SATELLITE BEACH, Fla. — Melbourne residents are showing support for a Satellite High School teacher whose contract isn’t being renewed after she used a students preferred name instead of their legal name. 

Literature teacher Melissa Calhoun is accused of “knowingly” drfying state law by using a student’s preferred without permission from their parents. Calhoun is the first teacher in the state to lose her job under the state law.


What You Need To Know

  • Teacher in Brevard County dismissed for using a student’s preferred name instead of their legal name

  • Doing so without permission from the students' parents is a violation of state law
  • More than 10,000 signatures have been collected to support the teacher’s contract renewal
  • A large community rally was organized to protest the decision and support the teacher

Melbourne High School senior Lindsay Cunningham was one of the people who attended a rally Friday near the school in support of Calhoun.

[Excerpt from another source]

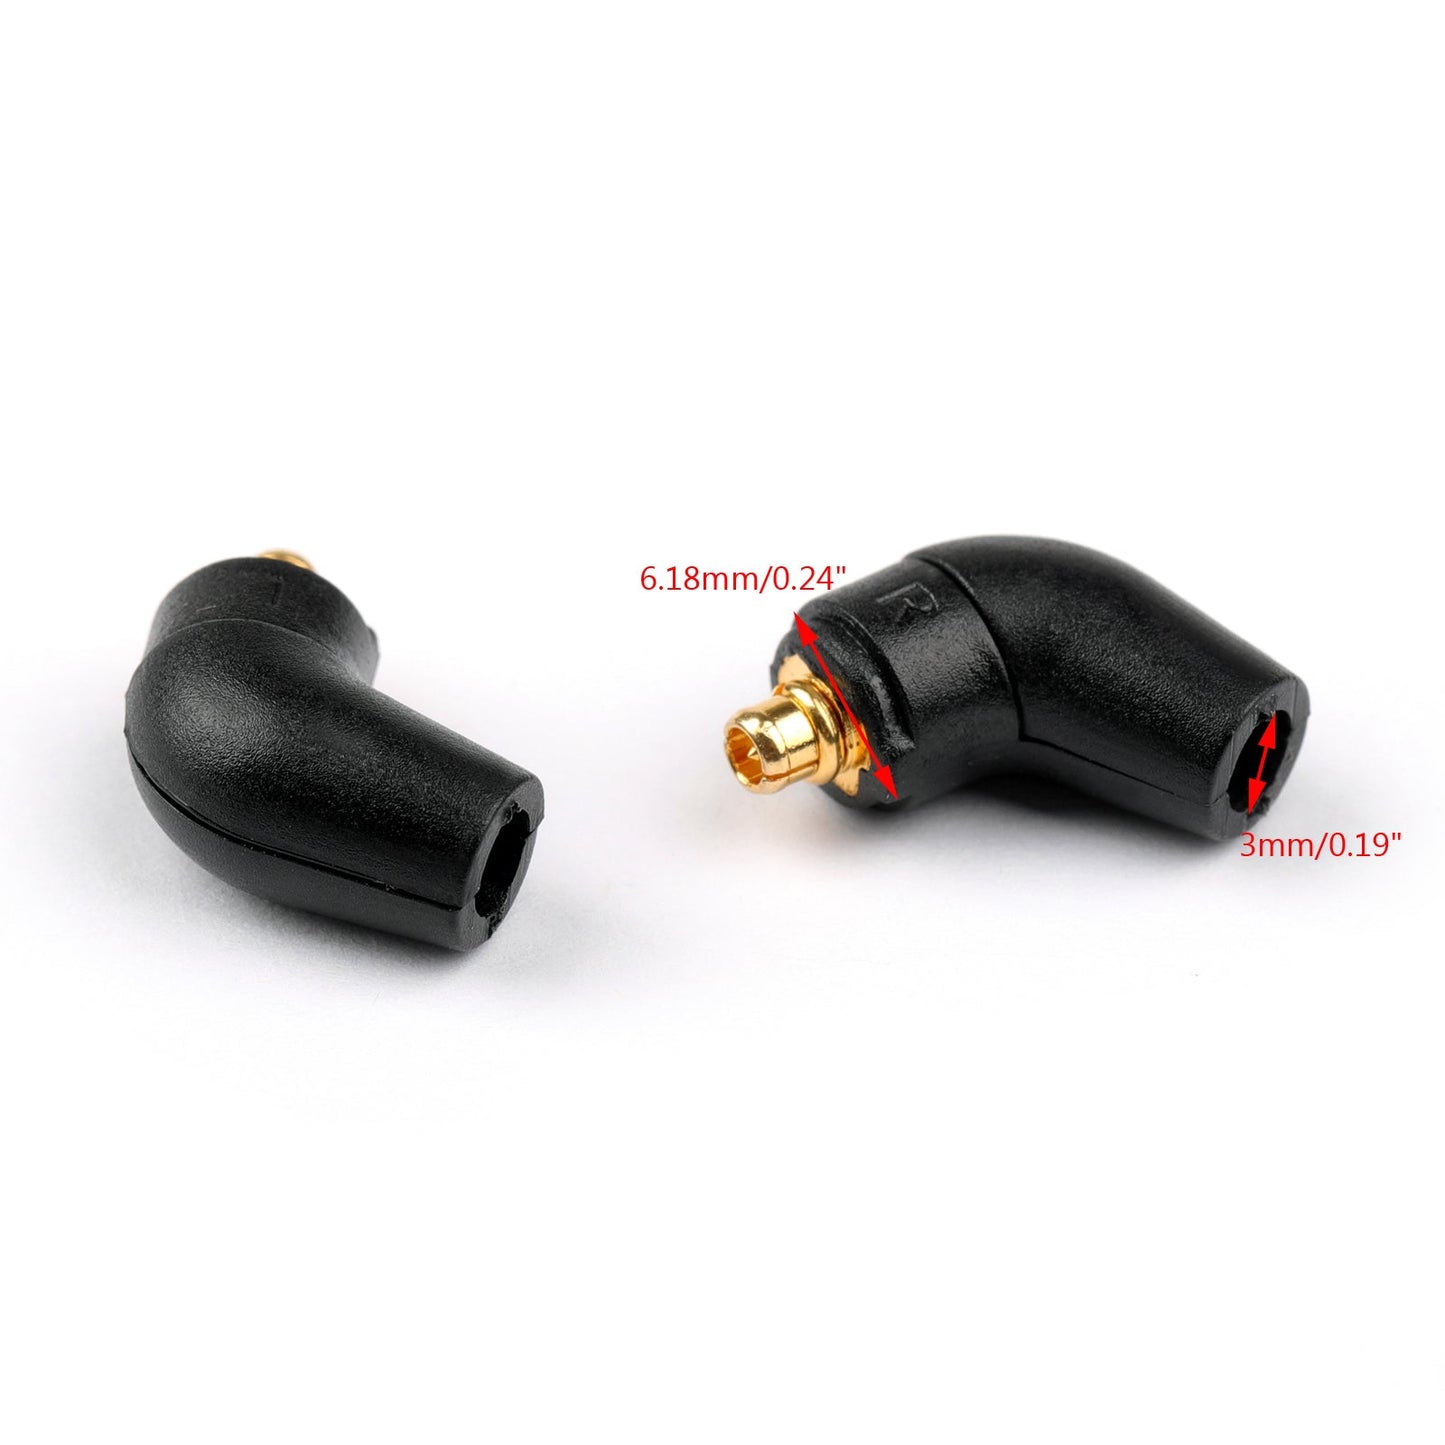 1Pair For Etymotic SE315 SE535 UE900 Earphone Cable Pin Connector Plug Black

“I just thought it was outrageous you needed parent approval for that. You shouldn’t have to have approval for something in a way you want to express yourself,” said Cunningham, who was a sophomore when Florida's Parental Rights in Education law went into effect.

Allison Minnerly, the deputy director of the Youth Action Fund, was one of the people who organized the rally. 

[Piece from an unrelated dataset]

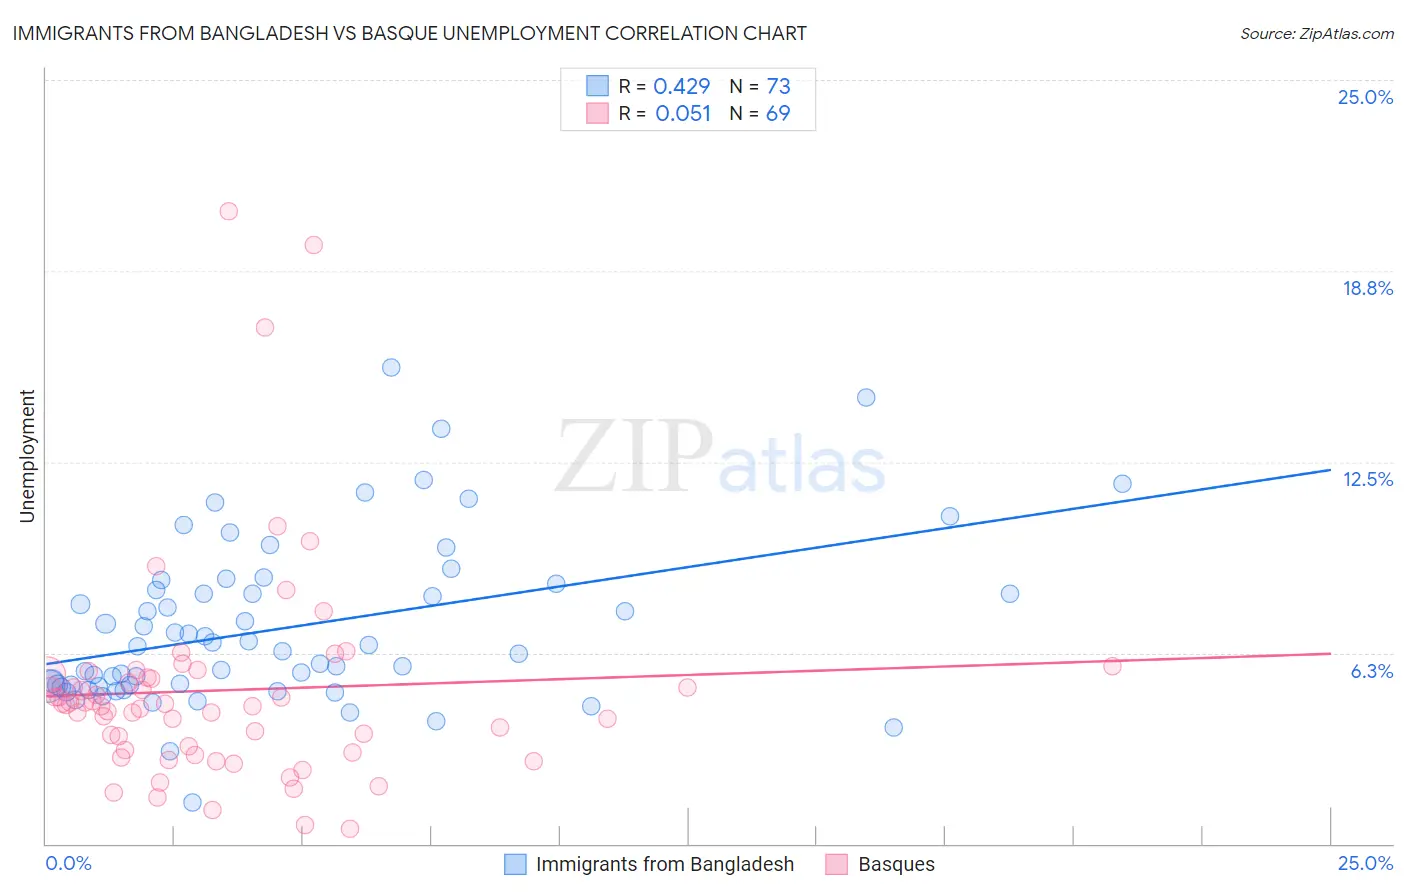 Immigrants from Bangladesh vs Basque Unemployment

“The state wants to make an example of (Calhoun) for correctly identifying a student by the name they prefer to be using,” Minnerly said.

Calhoun received a formal reprimand after an internal investigation. Then she was informed her annual teaching contract was not being renewed pending her teaching license being reviewed by the state of Florida.

More than 10,000 people have signed a petition demanding her contract be renewed.

Organizers say Friday's rally was to gather support for the public to attend the next Brevard County School Board meeting on Tuesday, April 22.